Caffeine and High Intensity Sports

With the positive effects found with endurance sports, one would think the testing results would be similar with dealing with athletes who train for high intensity exercise. As it turns out, the positive effects of using caffeine was mixed.

For one, they found that caffeine worked better for those who were trained athletes as opposed to beginner exercisers. One study solely focusing on everyday recreational active men found that when tested with bike sprints, the caffeine consumers saw not difference compared to the “water only” group. But, when a similar test was given to competitive athletes, those who consumed the caffeine saw a significant improvement in time. The test was replicated with swimmers, rowers and even soccer players, and each time, it was only the trained or professional athletes that saw an improvement of their actions using caffeine.

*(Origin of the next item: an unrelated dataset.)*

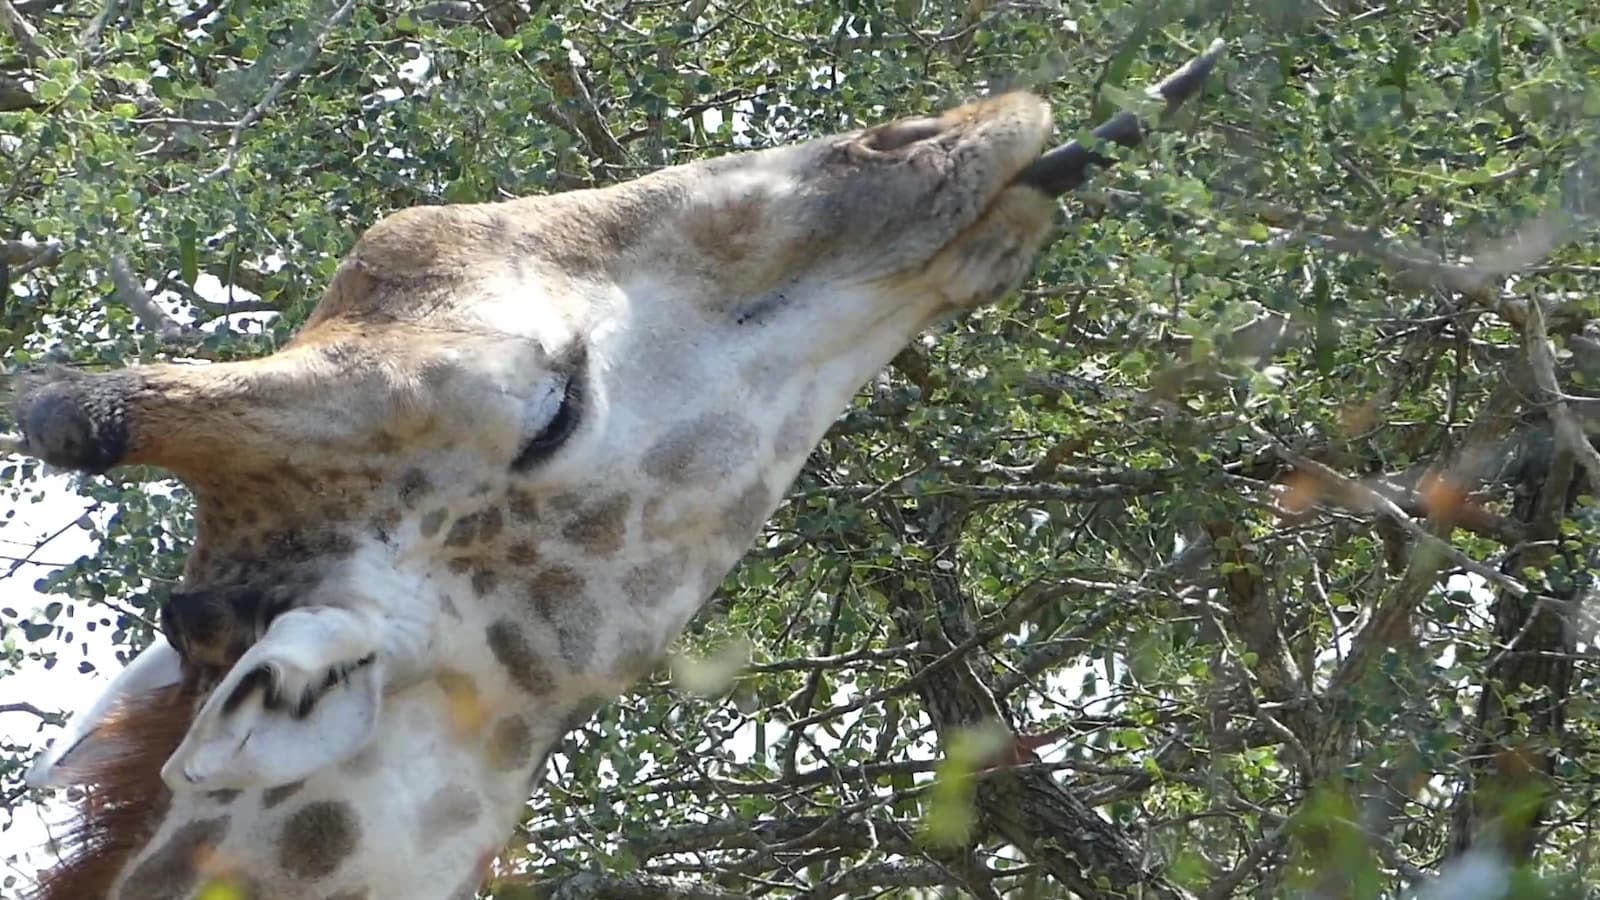 Giraffe eating Acacia trees with its long tongue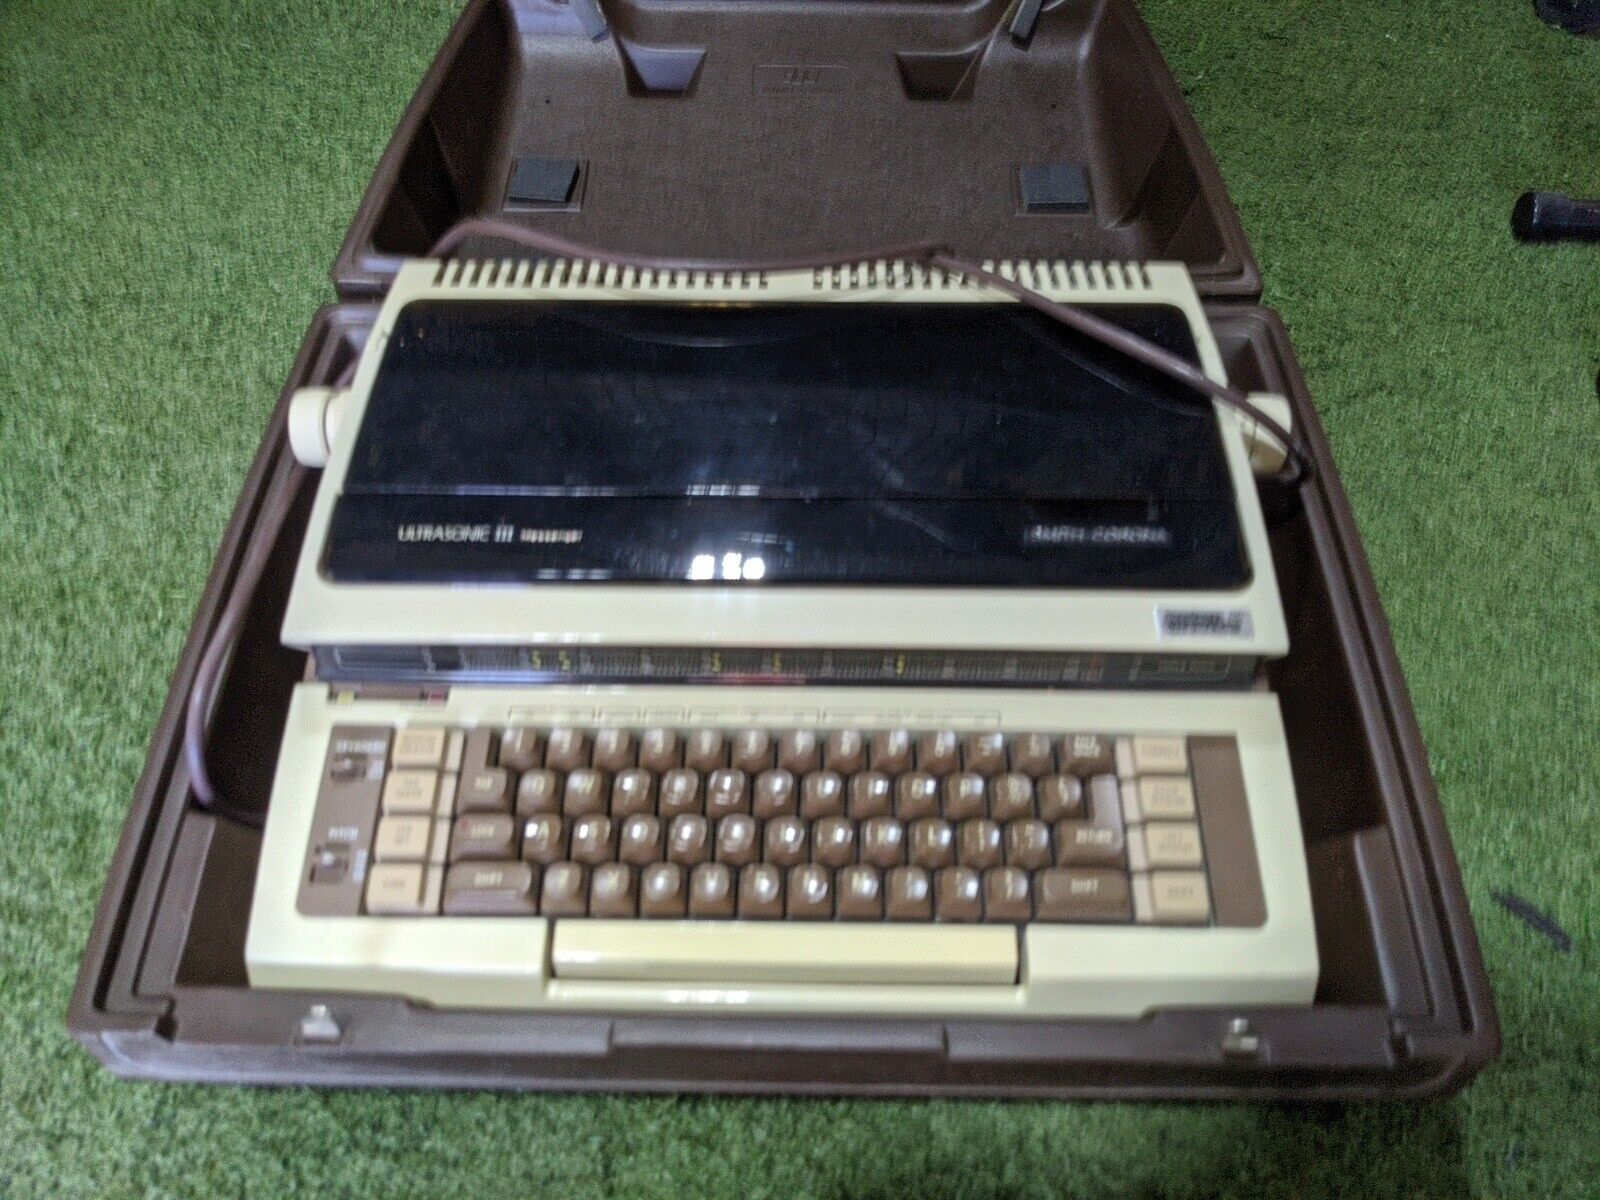 Vintage Electric Typewriter - Smith Corona Ultrasonic III Messenger - With Case

Caffeine and Strength Exercisers

Recreational weightlifting athletes can take comfort that a number of tests involving caffeine has shown to have a positive effect depending on the exercise. For instance, one test using bench presses and lower body strength exercises, only the bench pressers saw an improvement. The conclusion (so far) appears to be that caffeine can improve the power of leg muscles up to 7% but it had relatively no real effect on the smaller muscle groups. The best news though is that the caffeine-taker were more likely to work out longer.

Caffeine and Fat Loss

One of the best benefits of taking caffeine while working out is the effect that it can have in helping on lose weight. One study has found that stored fat can be released up to 30% faster when caffeine is consumed before a workout. Another proved just the opposite in that the release of stored fast was increased at the end of a workout when one was taking a caffeine supplement.

Caffeine also has a say in how much fat a person can burn during an exercise session. Since it increases one’s heat production and epinephrine, more calories and fat is burned off. Even with this good news, the studies have not found that people who consume caffeine were able to see if caffeine would enhance their weight loss for those who kept at it for the long-term.

Supplementing with Caffeine

Finding the right amount of caffeine to consume can be tricky. Those who consume caffeine through the means of coffee, energy drinks, soda or dark chocolate tend to see less benefits than those who take supplements. The reason here is that one’s body can build up a tolerance to caffeine. Healthline recommends that one takes between 200 and 400 mg of caffeine anhydrous about an hour before a race or an event. (Healthline)

Possible Side Effects of Caffeine

Even with small amounts of caffeine, some people may experience an increased heart rate, anxiety, dizziness, insomnia, irritability, tremors or stomach discomfort. It is recommended that one starts out slow with a lower amount to caffeine and work one’s way up to 600 mg.